* _Task instructions_
In the entries below, find the line with "Dotonbori Nachtleben Bezirk" and the line with "04242 Rieker női". Repeat exactly everything between them, those two lines included, but not the pictures.

* _Data in this exercise_
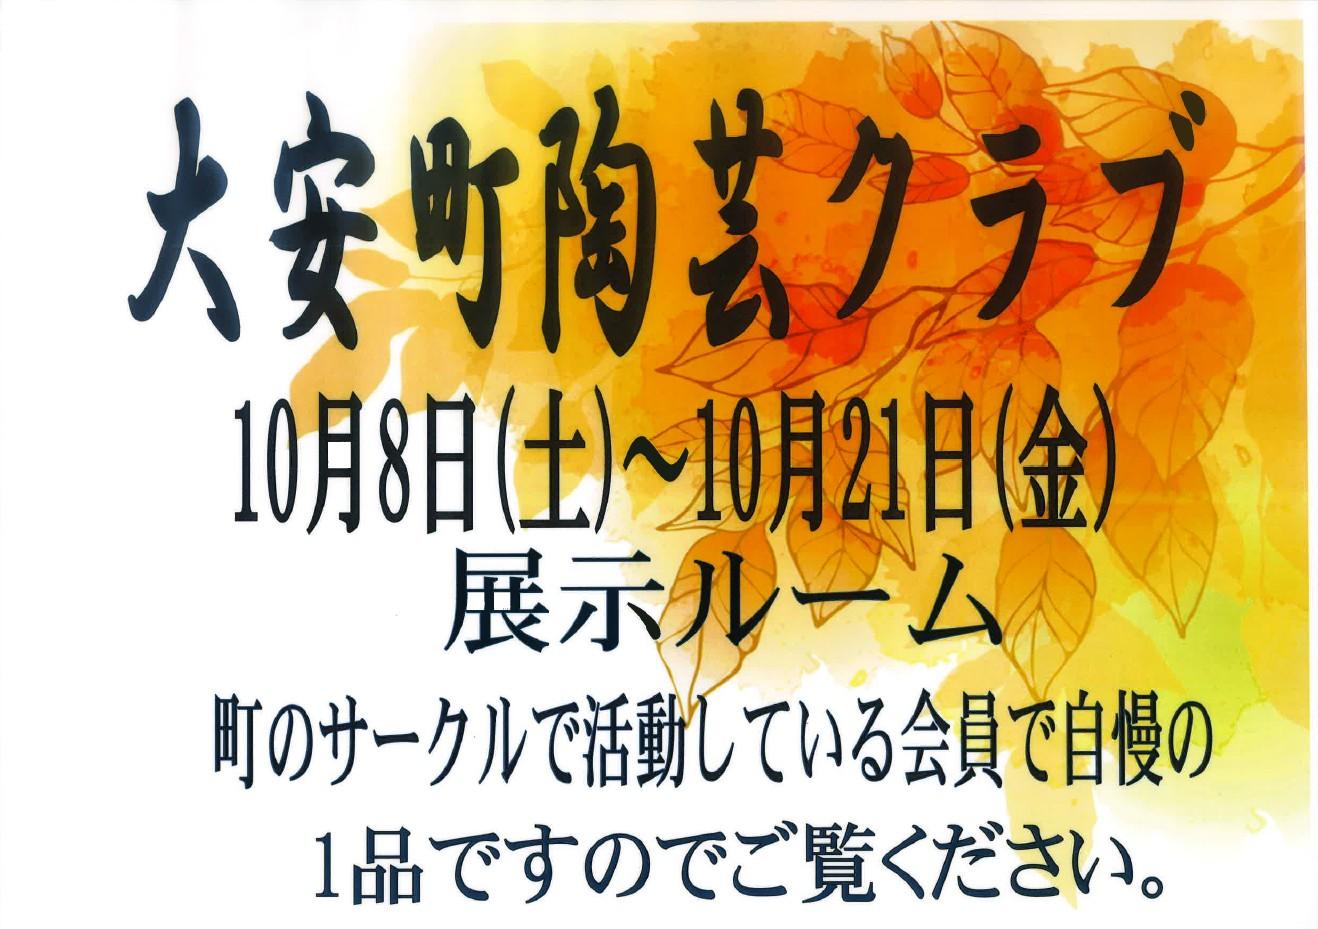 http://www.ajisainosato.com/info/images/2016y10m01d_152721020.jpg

--

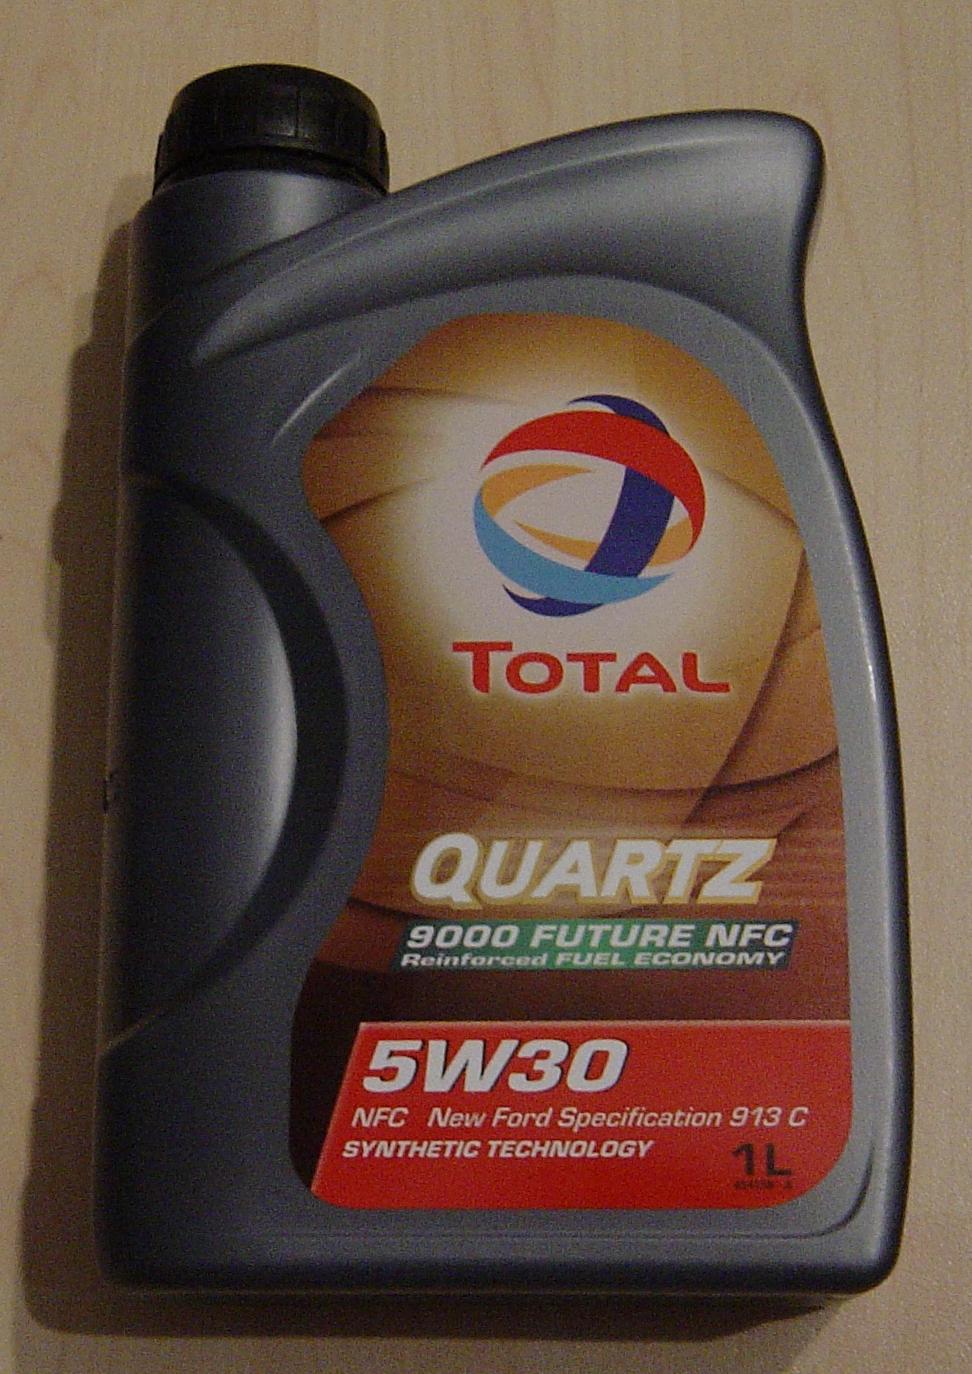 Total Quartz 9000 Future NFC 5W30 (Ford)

---

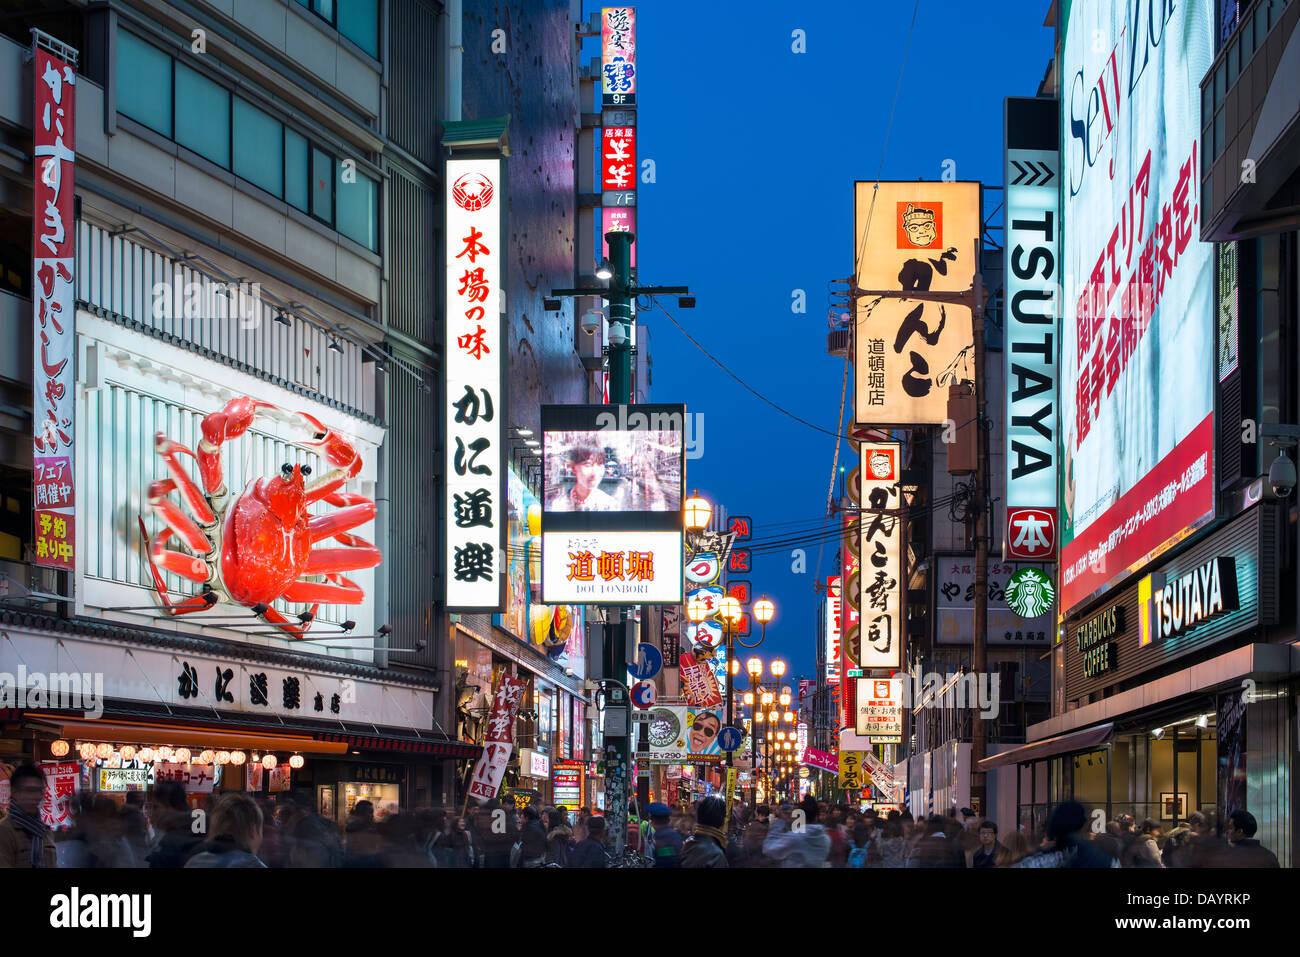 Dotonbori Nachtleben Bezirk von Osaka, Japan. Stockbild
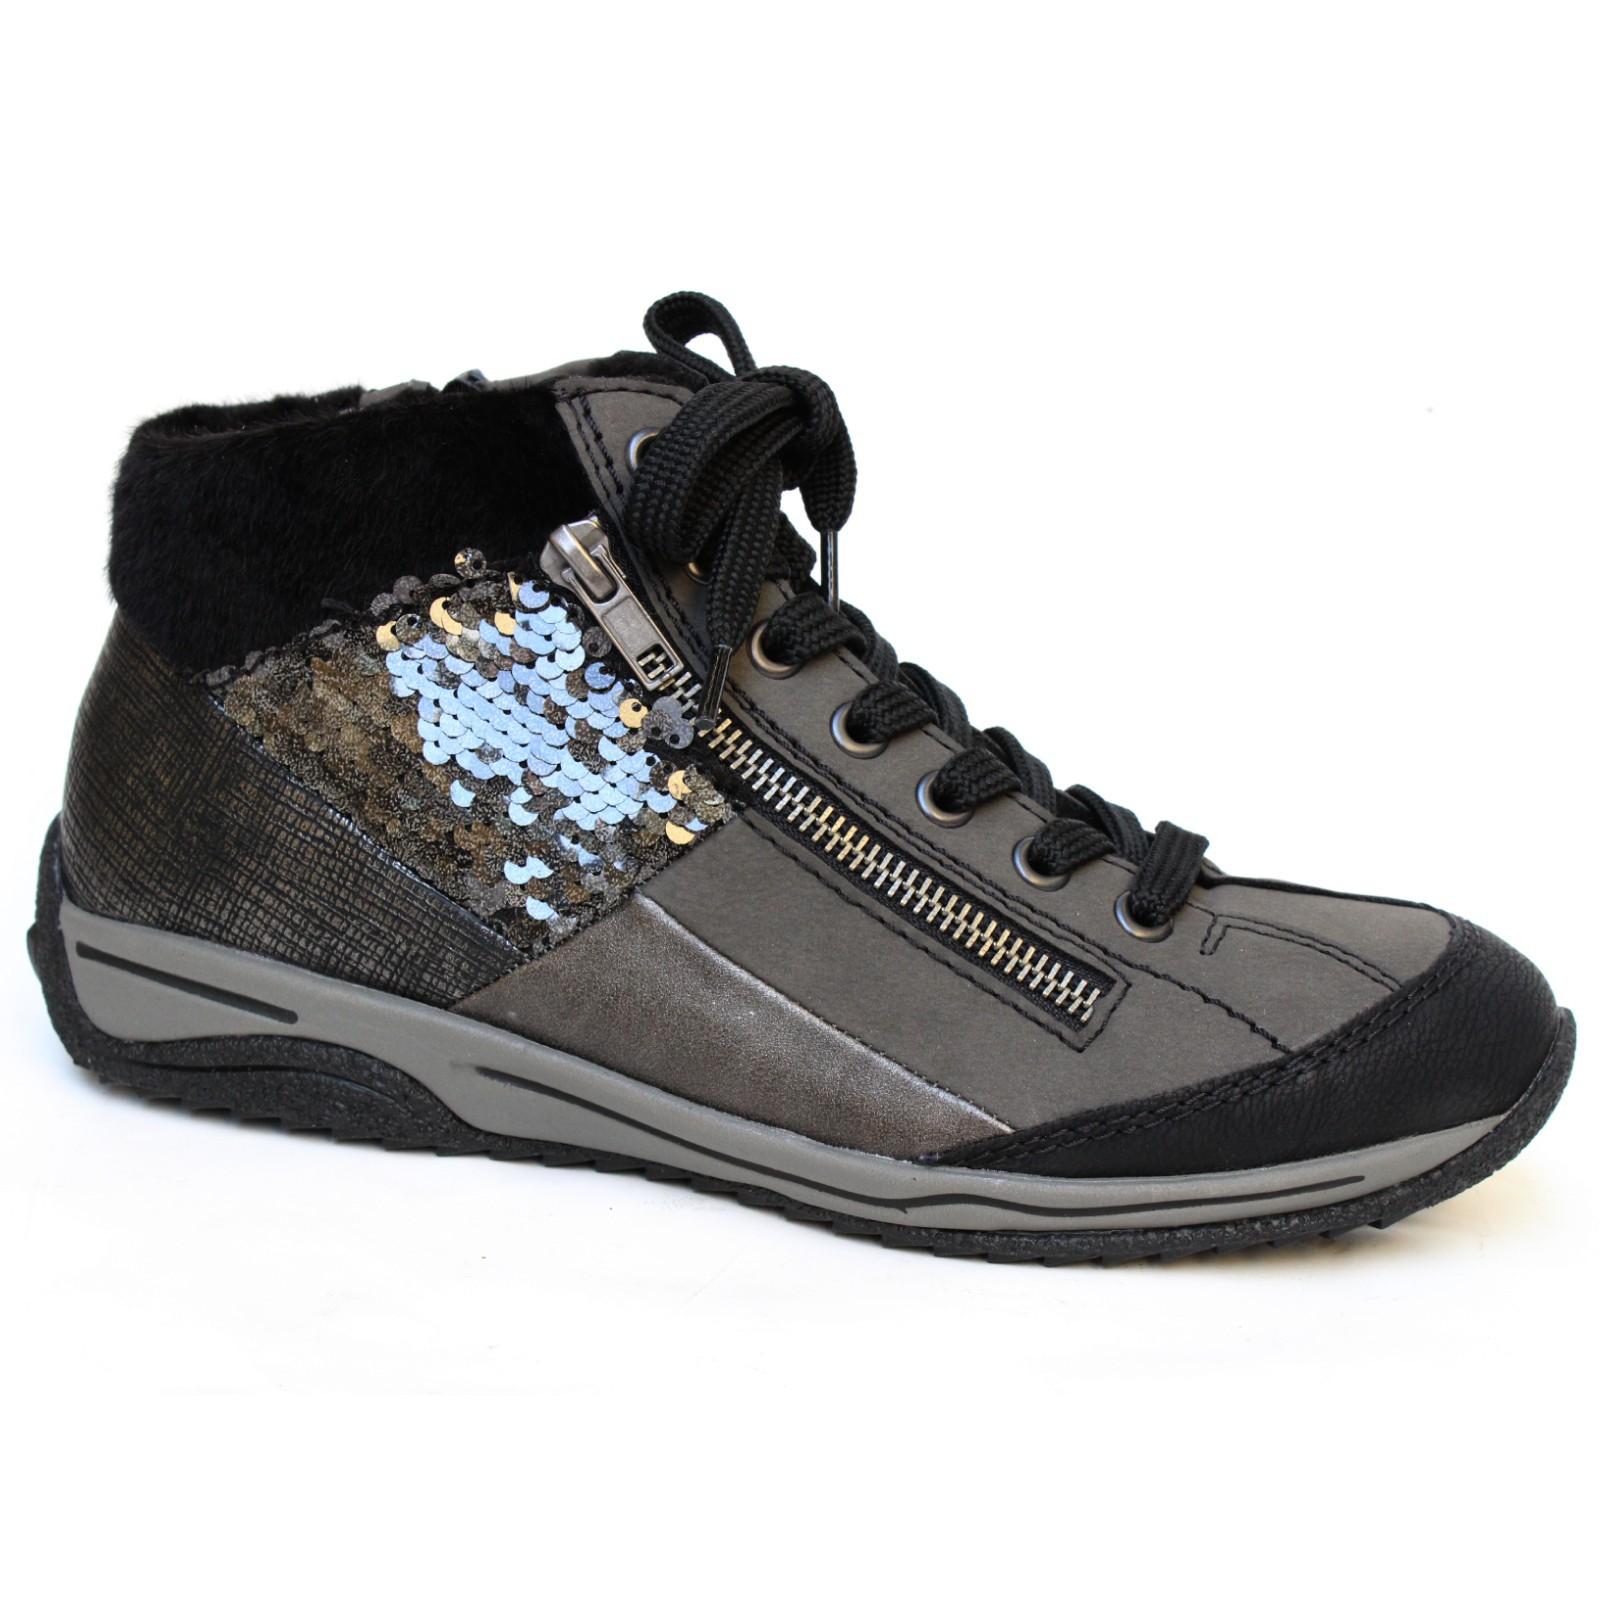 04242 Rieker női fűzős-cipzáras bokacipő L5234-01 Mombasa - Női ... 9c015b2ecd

* _Written response_
 Dotonbori Nachtleben Bezirk von Osaka, Japan. Stockbild
 04242 Rieker női fűzős-cipzáras bokacipő L5234-01 Mombasa - Női ... 9c015b2ecd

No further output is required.